The many specialty grocery stores of Ridgewood range from Ukrainian to halal. Mama Yoshi Mini Mart, a Japanese-inspired konbini, is a newer entry in the field, and it makes an incredible fried chicken katsu sandwich. Get the spicy version, which comes with an enormous cutlet that crunches and burns as it goes down. They also do a version with cauliflower, in addition to a few different bowls and a Spam grilled cheese on charred milk bread. On your way out, pick up some Pocky and a tub of mac salad.

For a hearty meal that’ll run you less than $20 per person, choose Rico Pollo every time. The casual Dominican restaurant serves some of the crispiest pernil in the city, as well as thick chicharron that has an impeccable crunch. Your options also include rotisserie chicken, mofongo, pollo guisado, and roughly a million other dishes that will leave you with quality leftovers. Sit in the fluorescent-lit dining room in the back, or order at the counter, and take your food to go.

This wood-fired restaurant founded by a few Gramercy Tavern alums seems casual, with servers wearing precariously placed beanies, and a constant hum of something that sounds a lot like Khruangbin. But Rolo’s is actually a very serious restaurant that pumps out seriously tasty, detail-oriented food, like a two-sheet lasagna verde that’s rich with bechamel and deliciously charred. It also happens to be a very fun place to go out for dinner or weekend brunch. Get one polenta bread for every two people, and if you want to try their smashburger, go early because they’re normally sold out by 7pm. The same team operates a late-night spot called Hellbender.

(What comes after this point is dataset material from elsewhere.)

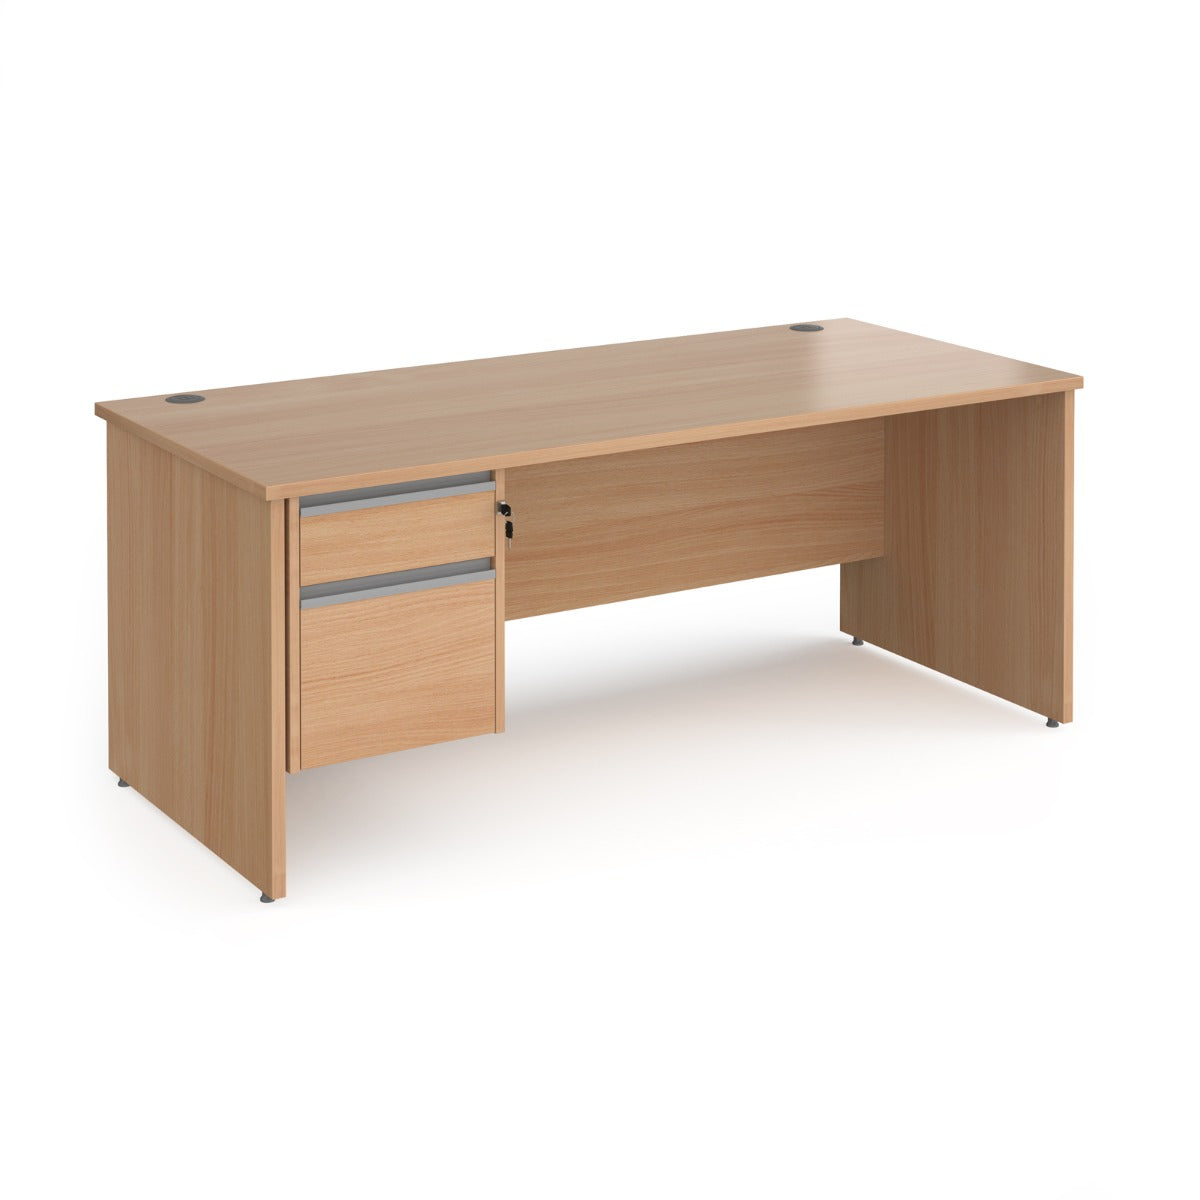 Contract Panel Leg Straight Office Desk with Two Drawer Storage

Momos in paratha shouldn’t work. The concept sounds too carb-heavy, but Mount Everest Deli & Grocery pulls it off exquisitely. You can order your dumplings wrapped in flatbread at the deli counter of what appears to be a very normal corner store that also sells boxes of Cinnamon Toast Crunch. Coated in cheese, the momos are juicy and well-spiced. You can also get them on their own, sans paratha, or you could supplement them with a hefty portion of samosa chat, or chili chicken over rice. 

Pupusas Ridgewood can fit, at most, two people (standing) at one time. The closet-sized counter-service spot serves over 10 different kinds of pupusas—from huitlacoche to chicharron—all of which ooze melted cheese. There are no wrong answers, but we’re partial to the chorizo and classic loroco, with its subtle herbal flavor. Other offerings include tacos, tamales, and a very good bowl of pozole. Keep an eye out for daily specials.

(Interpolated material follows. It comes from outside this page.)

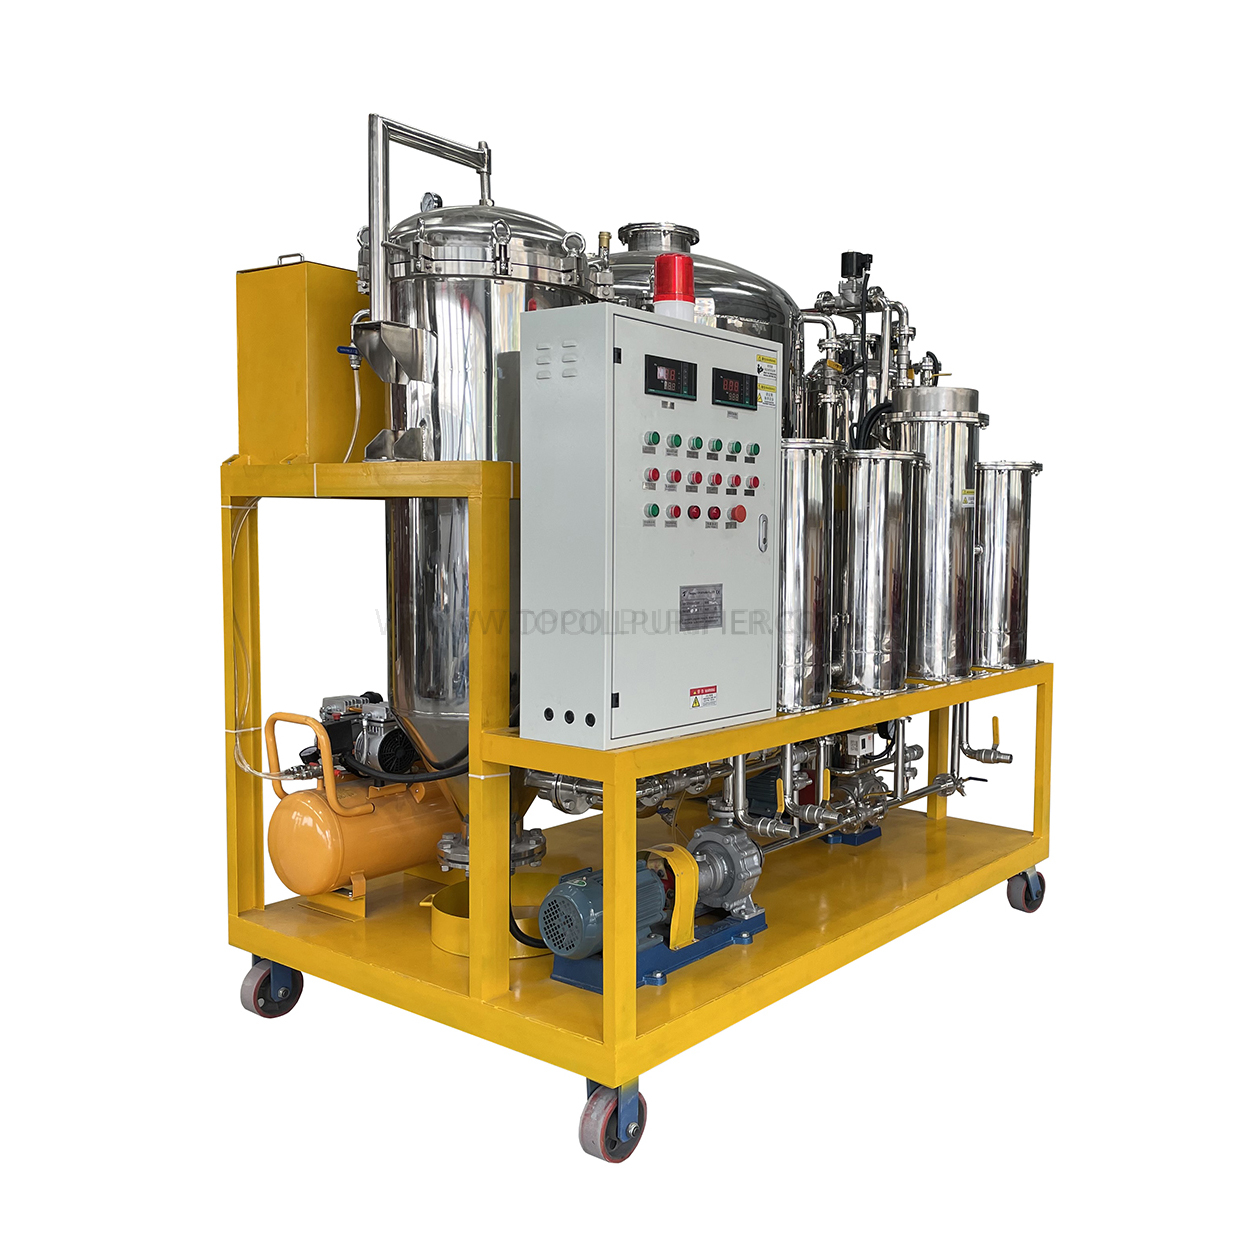 TYS Food Grade Stainless Steel Oil Purification at Decoloration Equipment

So many options, all of them delicious. Venezuelan street food specialist Cachapas y Mas does patacones, arepas, yoyos, pepitos, and, yes, cachapas as well. They all come with your choice of filling, which means you can get some shredded beef in a sweet corn cake, pollo asado sandwiched between smashed plantains, or chorizo and fried cheese on a hoagie-like roll. Order at the counter, then grab a table inside or on the sidewalk patio and enjoy your over-the-top meal.

On a Friday night you’ll find the Lower East Siders at Rolo’s, but the real party is going down 10 minutes away, at Joe’s Restaurant. This old-school Italian spot has been perfecting its chicken marsala recipe since 1982, and if you’re now thinking to yourself “who eats chicken marsala,” stop right there, because at Joe’s, everyone does. Come here for a birthday dinner, or just when you’re craving a meatball in a dining room with framed paintings of garlic and Venice lining the walls, and big families gesticulating in Italian, with full glasses of house red sloshing back and forth in their hands. 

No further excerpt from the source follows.